Avant que le GR2013 ne soit ouvert au public, le tracé provisoire avait été publié sur un site web provisoire par la capitale européenne de la culture. Il n’en fallait pas plus à un jeune urbaniste basé Bruxelles, passionné de randonnée urbaine, pour s’autoriser à parcourir une partie de l’itinéraire. En recopiant le tracé sur une carte IGN au 1/25 000e, en venant par ses propres moyens, en réservant une chambre dans des hôtels Formule 1, Paul-Hervé Lavessière est devenu le premier arpenteur, le premier «touriste» à emprunter le GR2013.

Je ne connaissais de Marseille que son centre-ville et sa basilique.
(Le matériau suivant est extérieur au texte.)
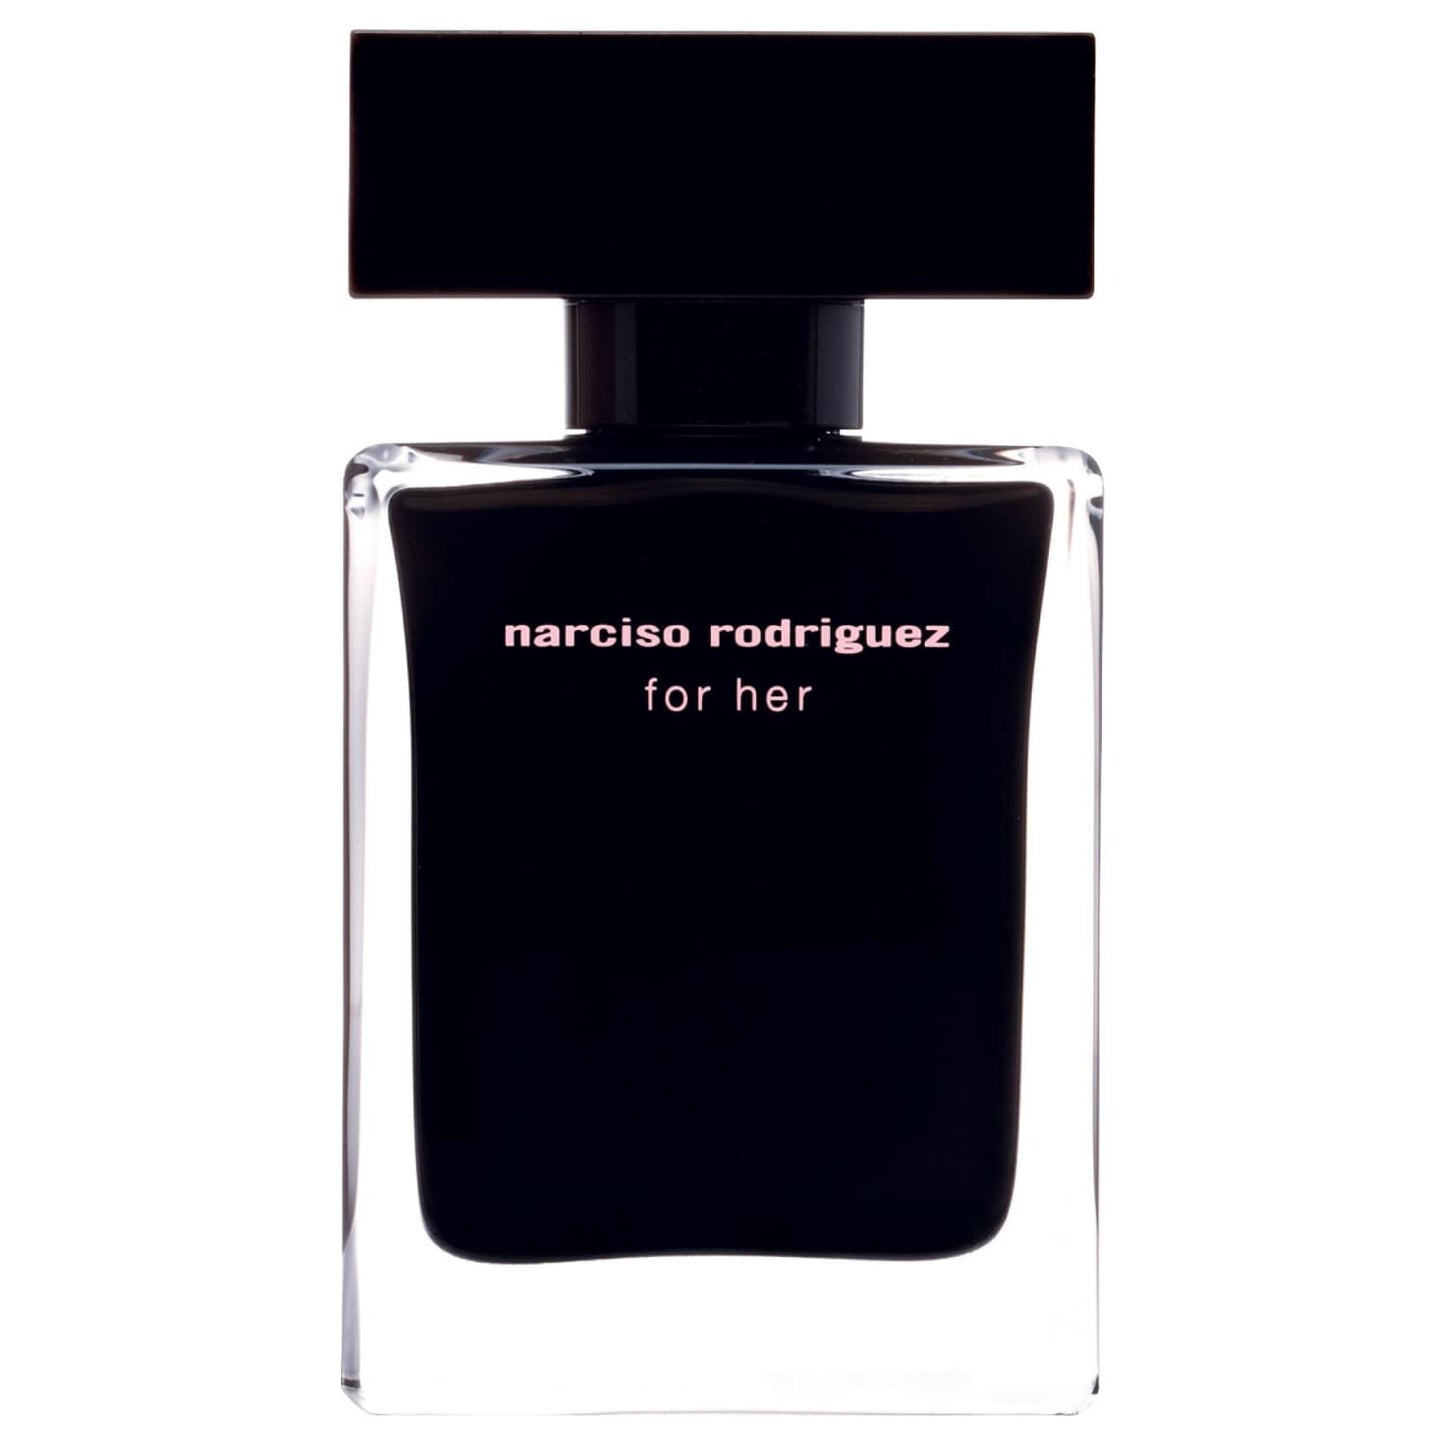 Narciso Rodriguez for her edt
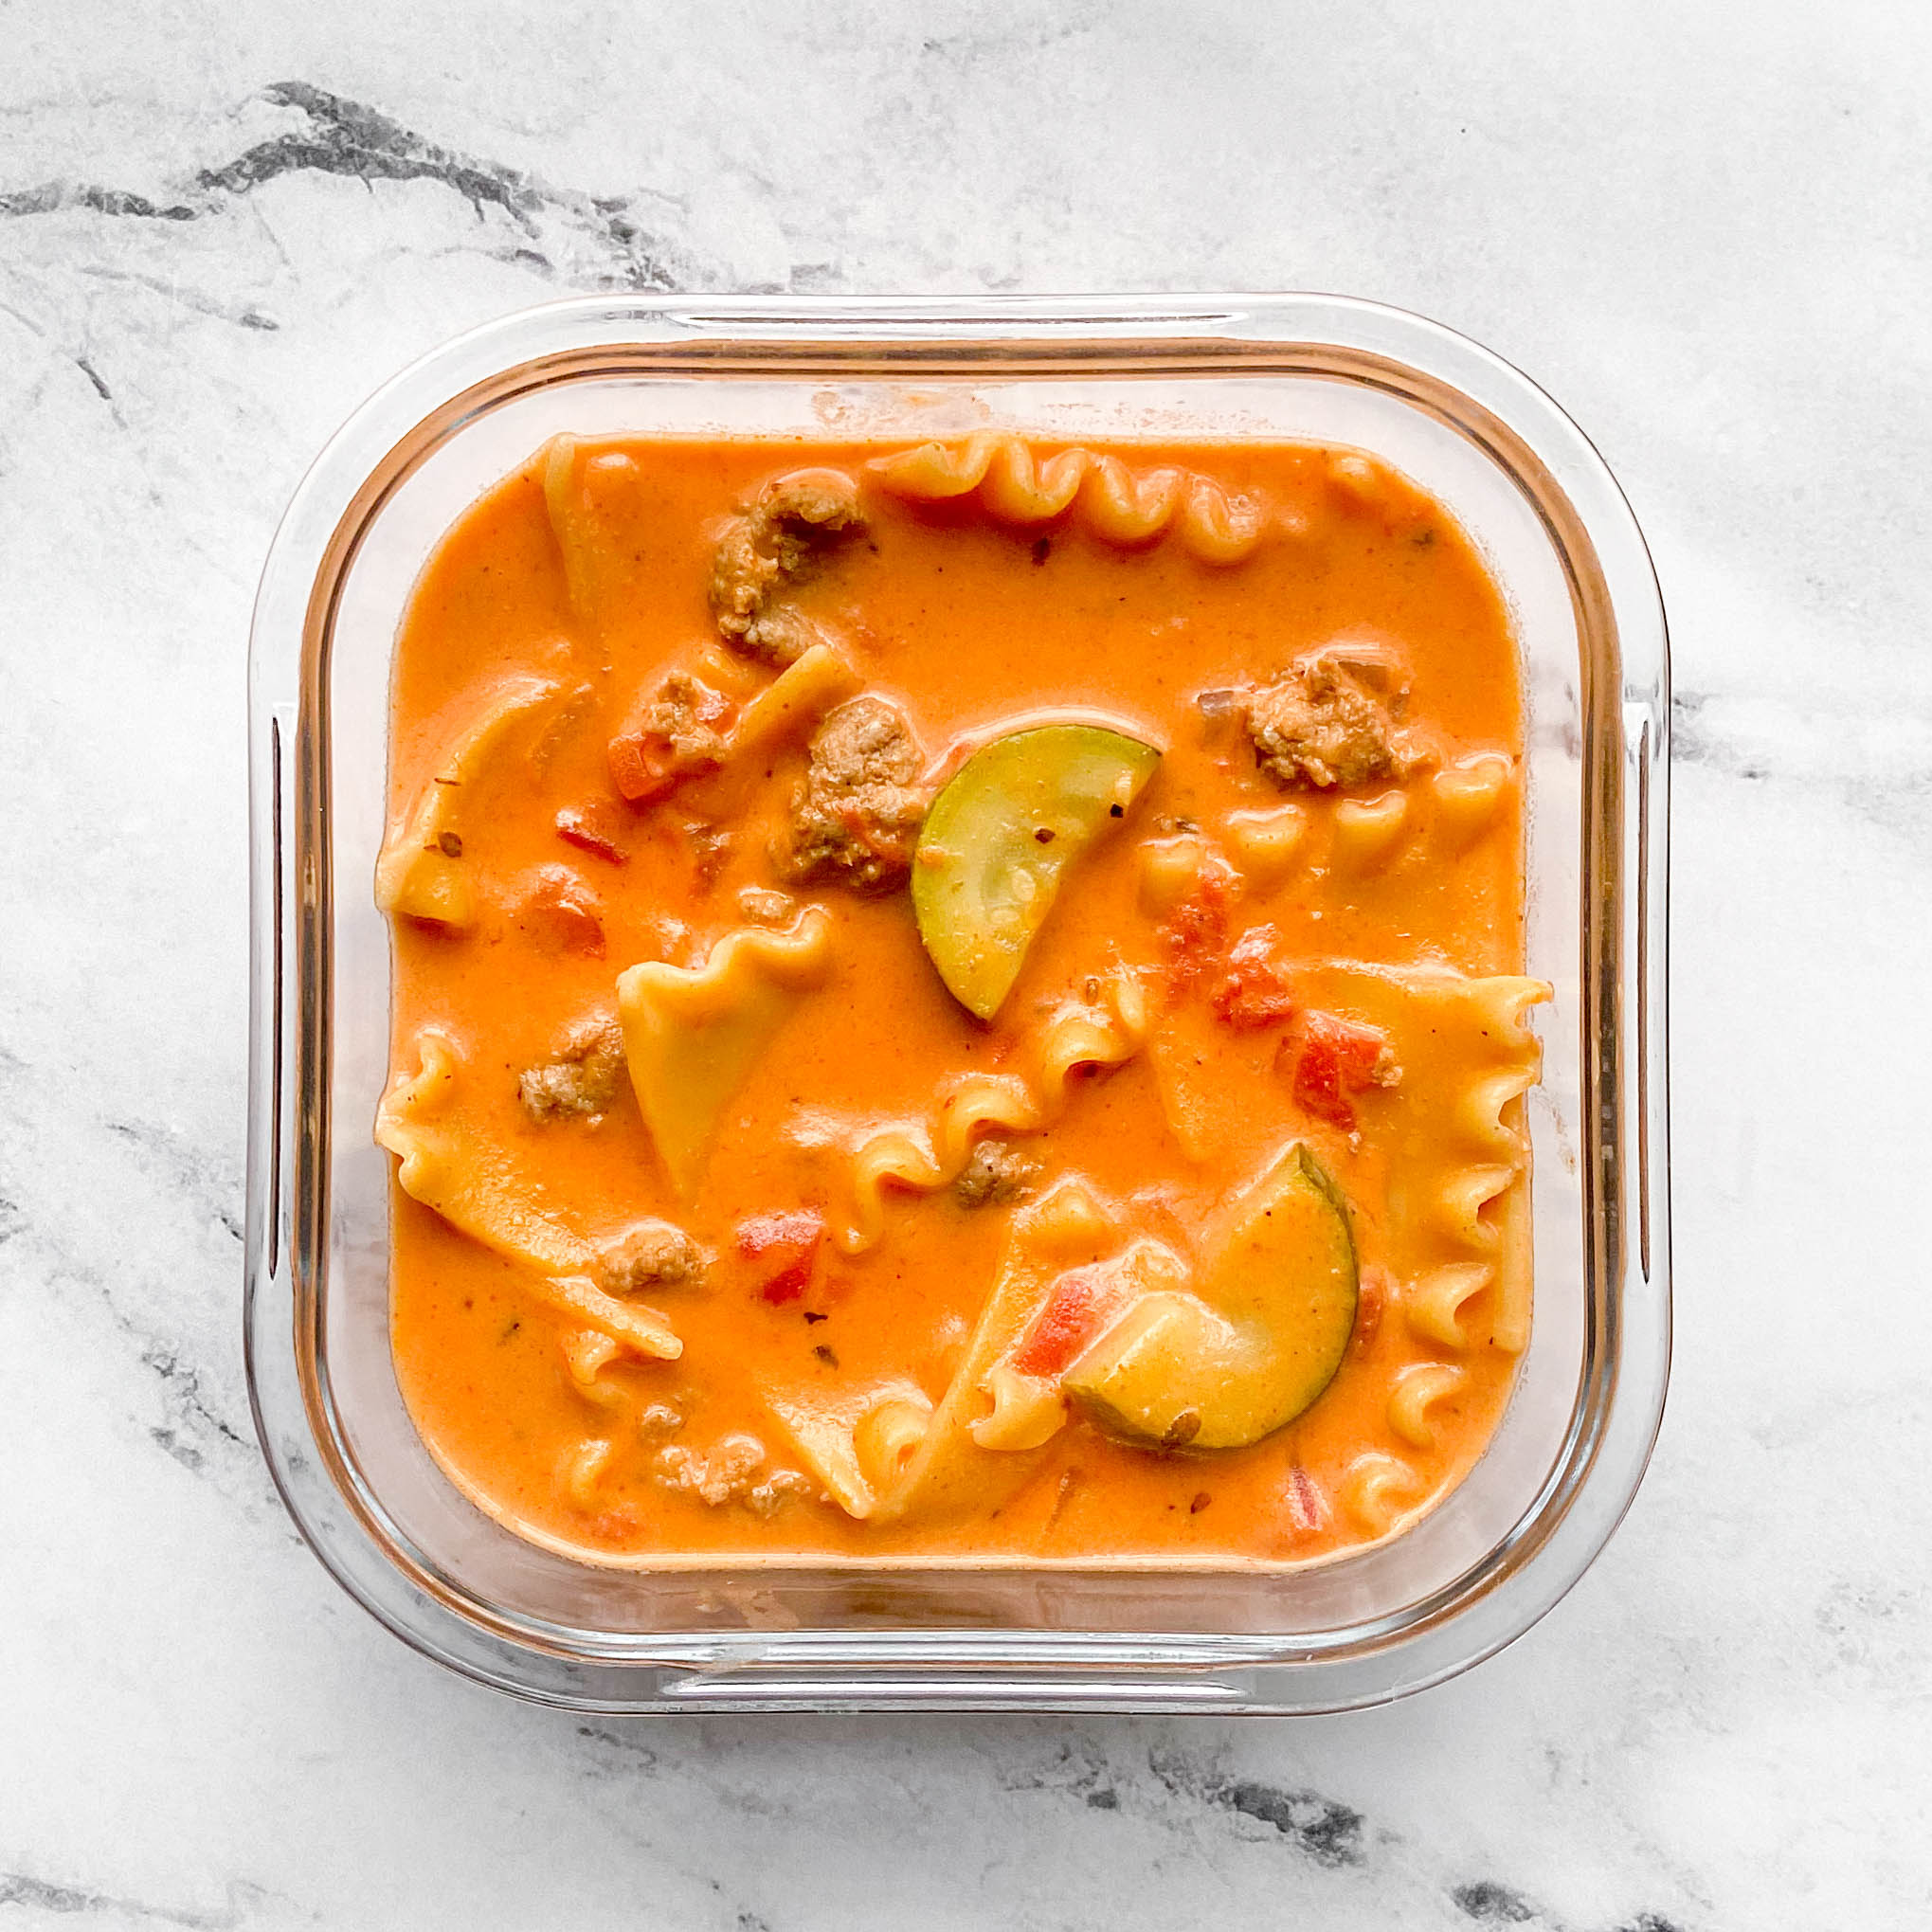 a square container of lasagna soup on a white and grey background. The soup has noodles, zucchini, meat, and an orange broth

En août 2012, j’entends parler du GR2013 à la radio dans une émission culturelle. Je consulte le site web du projet et me dirige rapidement vers ce qui m’apparaît comme le plus important : l’itinéraire. Je l’observe, je zoome, je dézoome. Ce tracé me parle, puis me séduit tout à fait.

Dans ce grand huit qui serpente joyeusement entre Salon-de-Provence, Martigues, Aix ou encore Aubagne, j’isole mentalement une petite boucle autour de Marseille et me renseigne déjà sur les horaires de train ainsi que sur les possibilités d’hébergement. Quelques semaines plus tard, je suis sur place, bien décidé à profiter des dernières miettes d’un été qu’on a déjà enterré depuis longtemps là-haut dans le Nord.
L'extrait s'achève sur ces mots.